# Is this true what Bruce Lee said?



## PhotonGuy

I heard that Bruce Lee once said he would lose in a fight against Mohammad Ali. He said, "Look at my hand, its a small Chinese hand, he'd kill me!" It doesn't sound like something Bruce Lee would say.


----------



## Tony Dismukes

PhotonGuy said:


> I heard that Bruce Lee once said he would lose in a fight against Mohammad Ali. He said, "Look at my hand, its a small Chinese hand, he'd kill me!" It doesn't sound like something Bruce Lee would say.



if you don't read it in a book authored by Lee, or in an interview with a reputable journalist, or reported by a close friend or family member, I would be very skeptical of any supposed Bruce Lee quotes you come across.

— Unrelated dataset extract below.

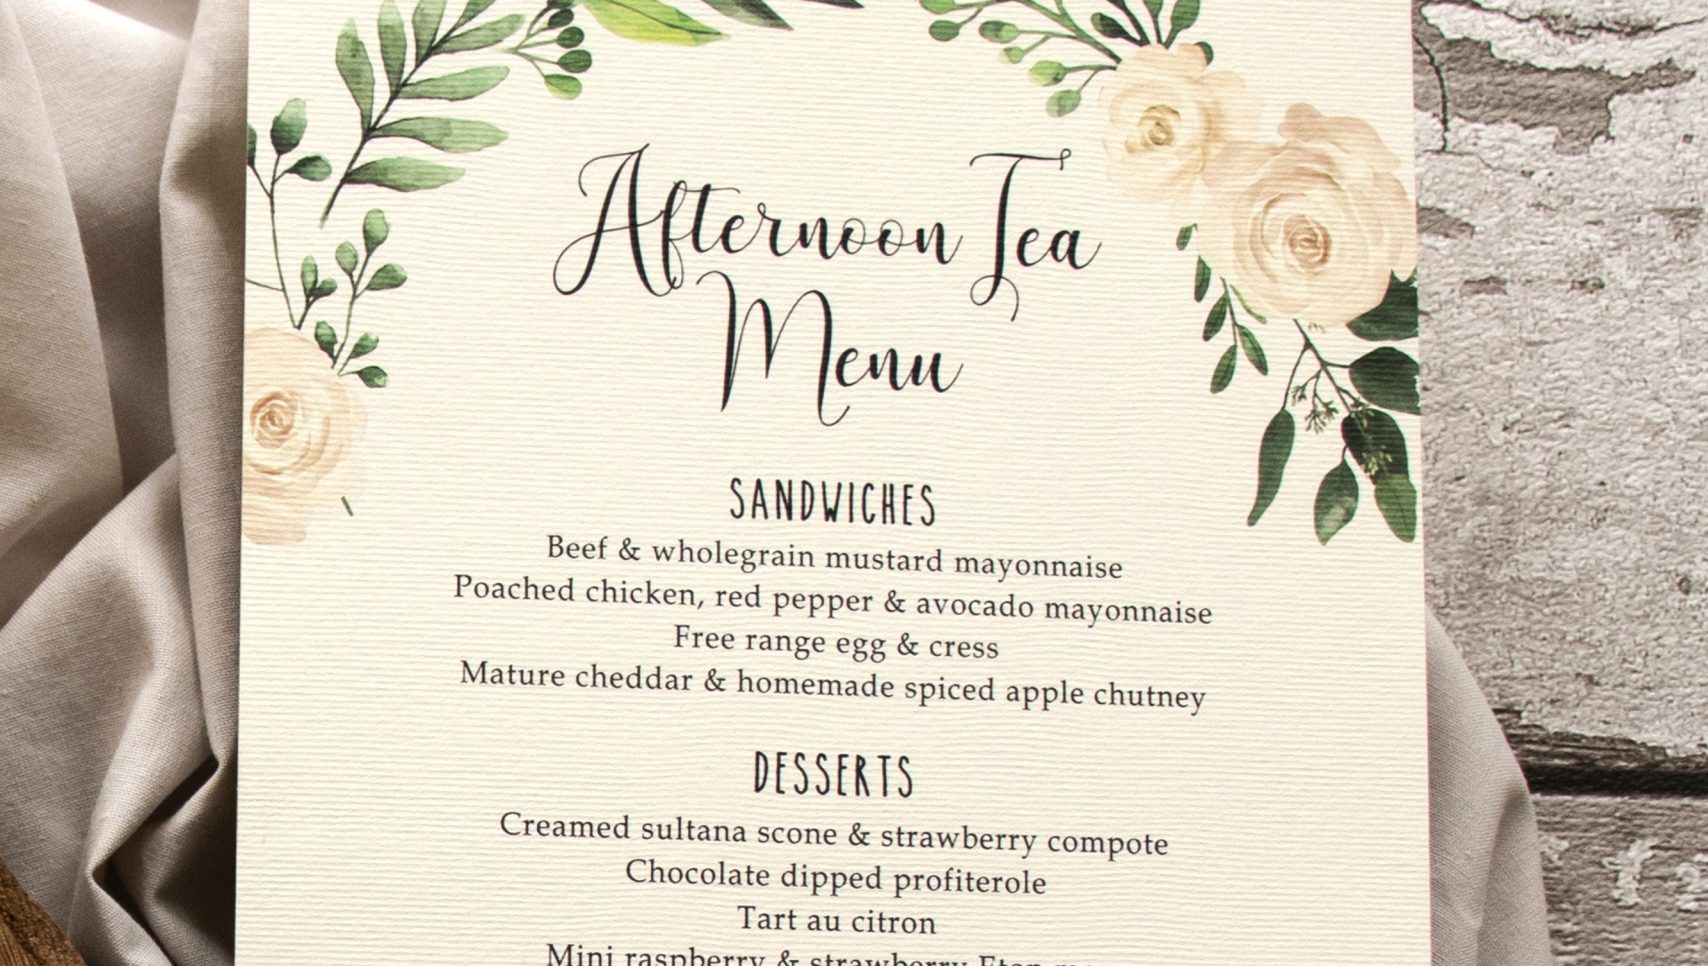 How to Host an Afternoon Tea Party: Tips and Must-Haves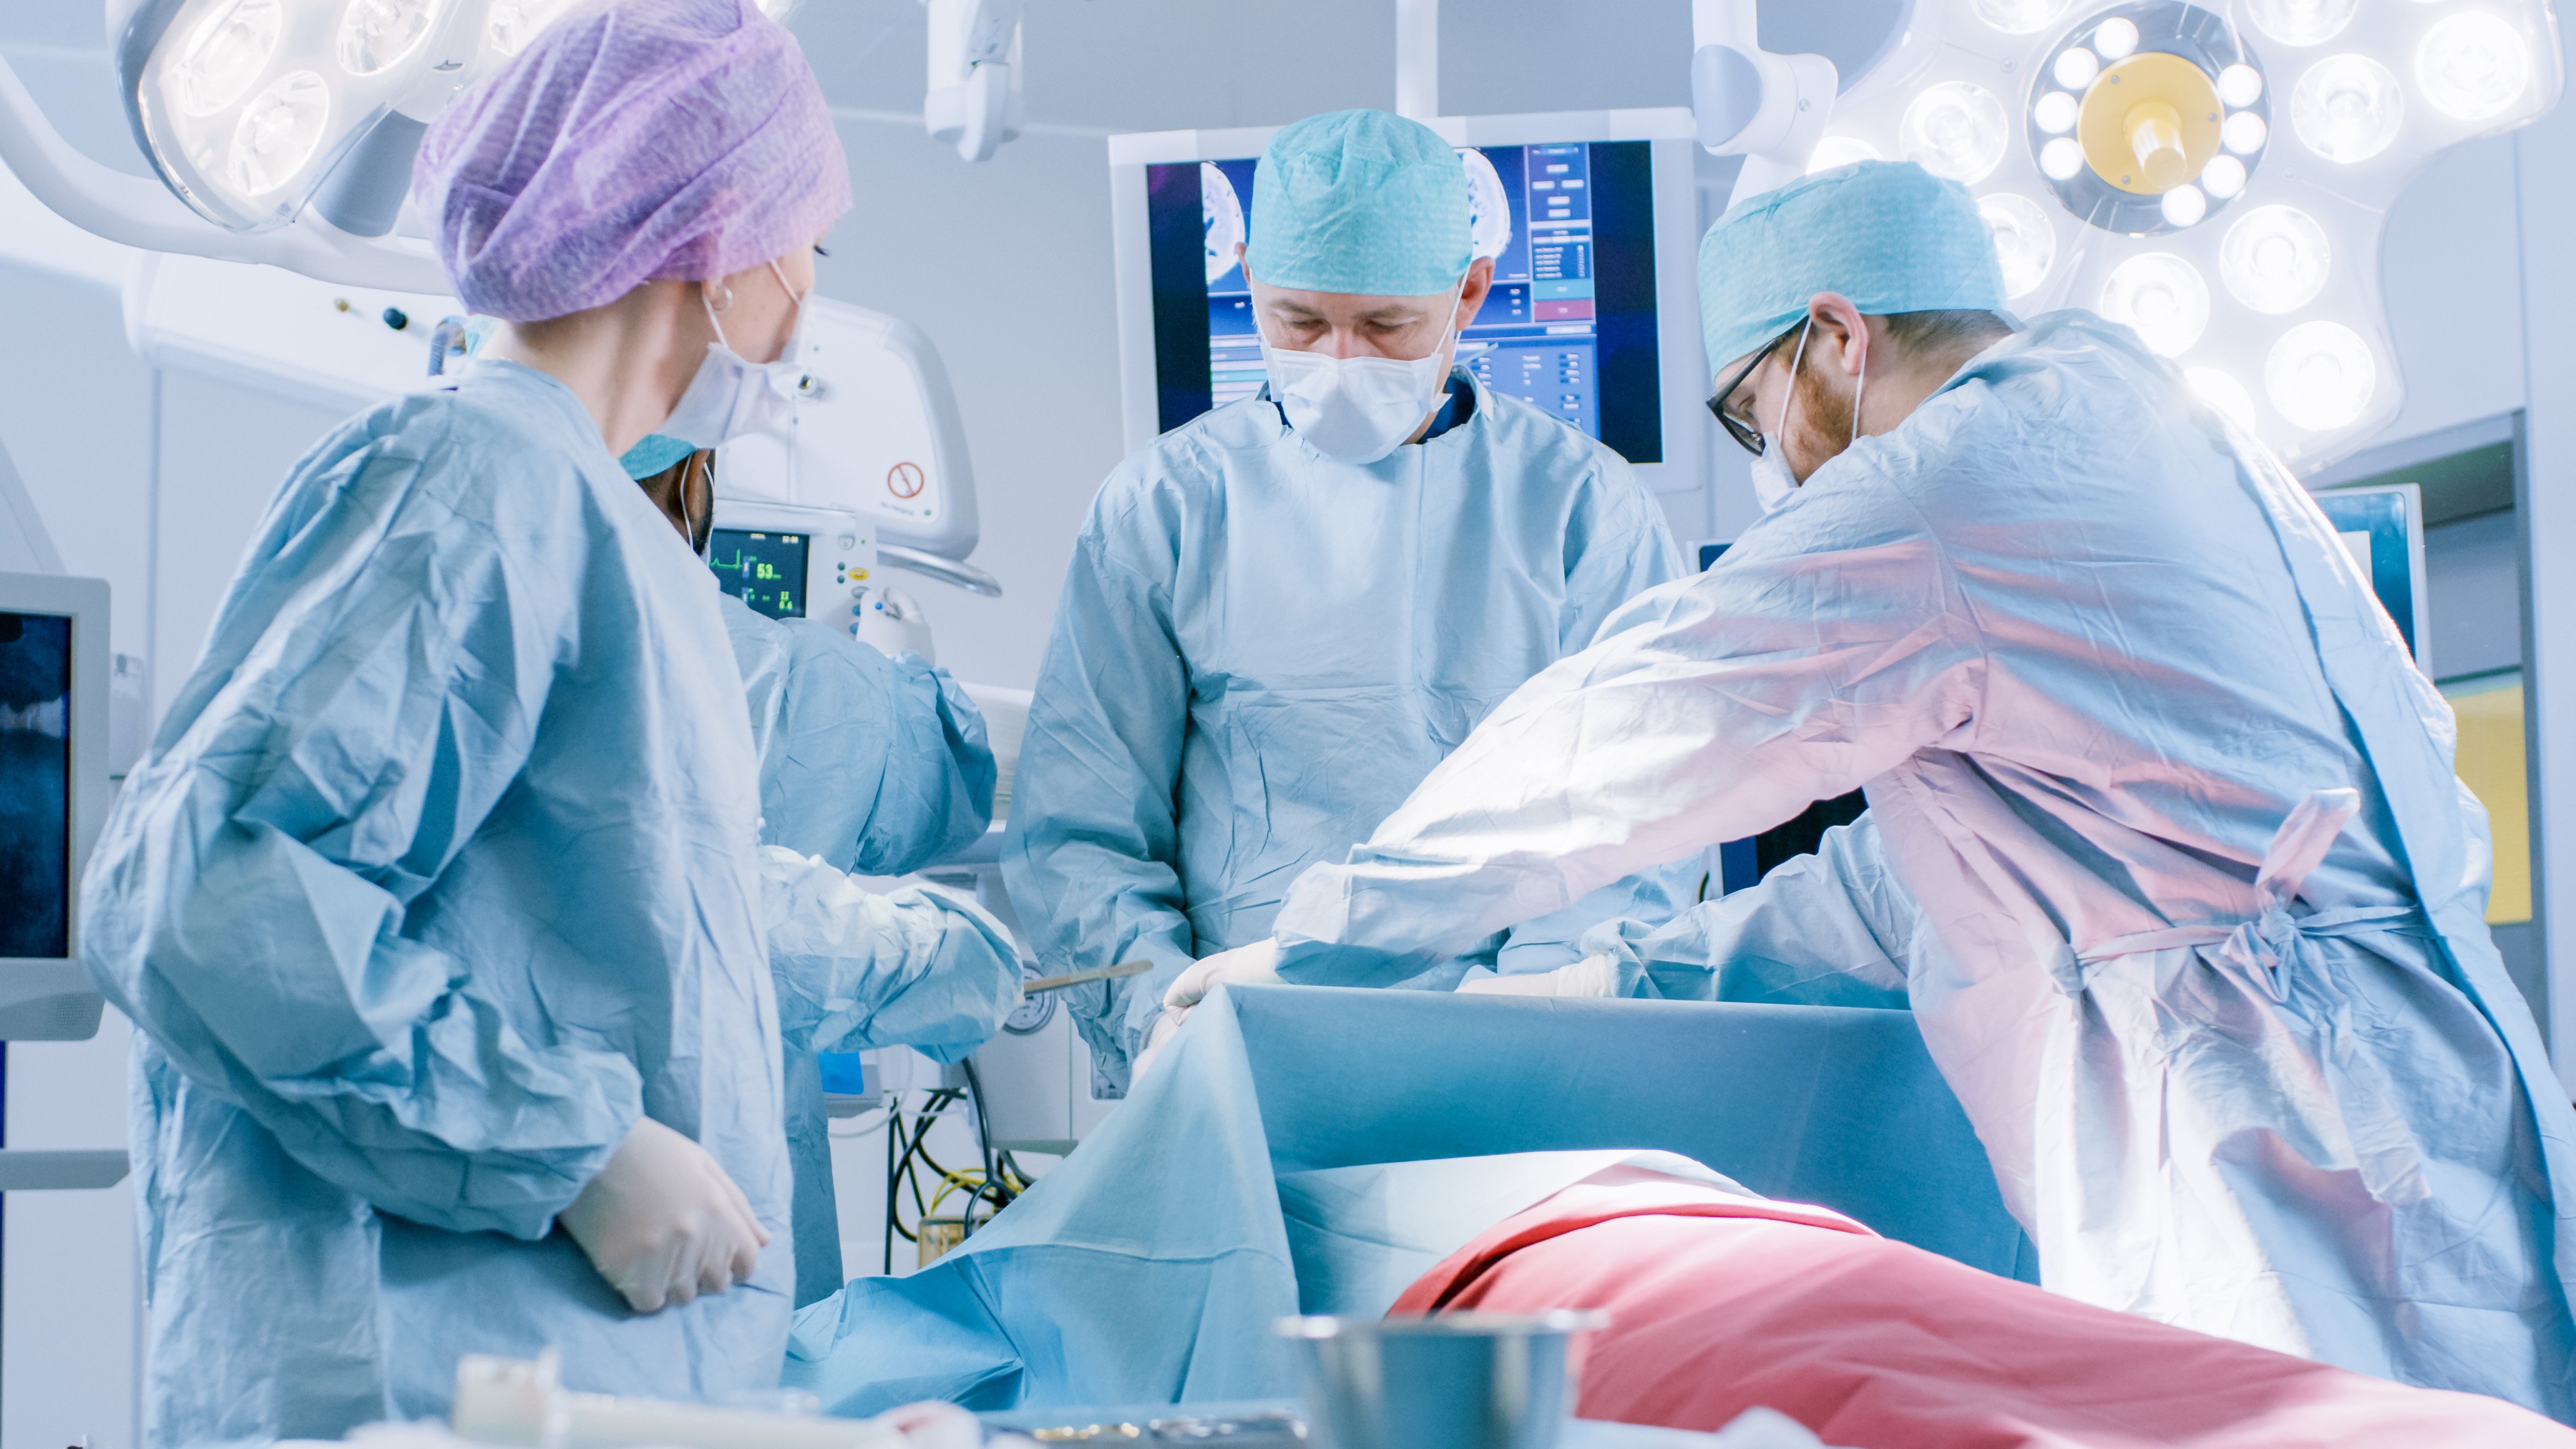 Hong Kong’s need for more medical education is urgent, but planners must come up with the correct remedy to ensure the sector’s long-term health. Photo: Shutterstock

Bruce Lee was a big fan of Ali and studied his footwork, but I've never read the quote you mention.


----------



## jks9199

I don't know...  I can see it as a joke or off the cuff comment somewhere.  I'd suspect, though, that it would have been followed up by something like "so I'd have to kick him in the knee."

Can you point out the source, PhotonGuy?


----------



## drop bear

Makes sense though.Ali was a top heavyweight fighter.


----------



## PhotonGuy

Just because you're bigger than the other guy or because you've got bigger hands than the other guy doesn't mean you will beat them in a fight.


----------



## Dirty Dog

PhotonGuy said:


> Just because you're bigger than the other guy or because you've got bigger hands than the other guy doesn't mean you will beat them in a fight.



Perhaps not in the generic sense. 
However. When the heavyweight champion of the world hits someone who (although a gifted martial artist) is half his size and not even a professional fighter, you're not going to find many people foolish enough to bet on the little guy. 
You do know that there are very good reasons why fights are divided by the size of the fighter, right?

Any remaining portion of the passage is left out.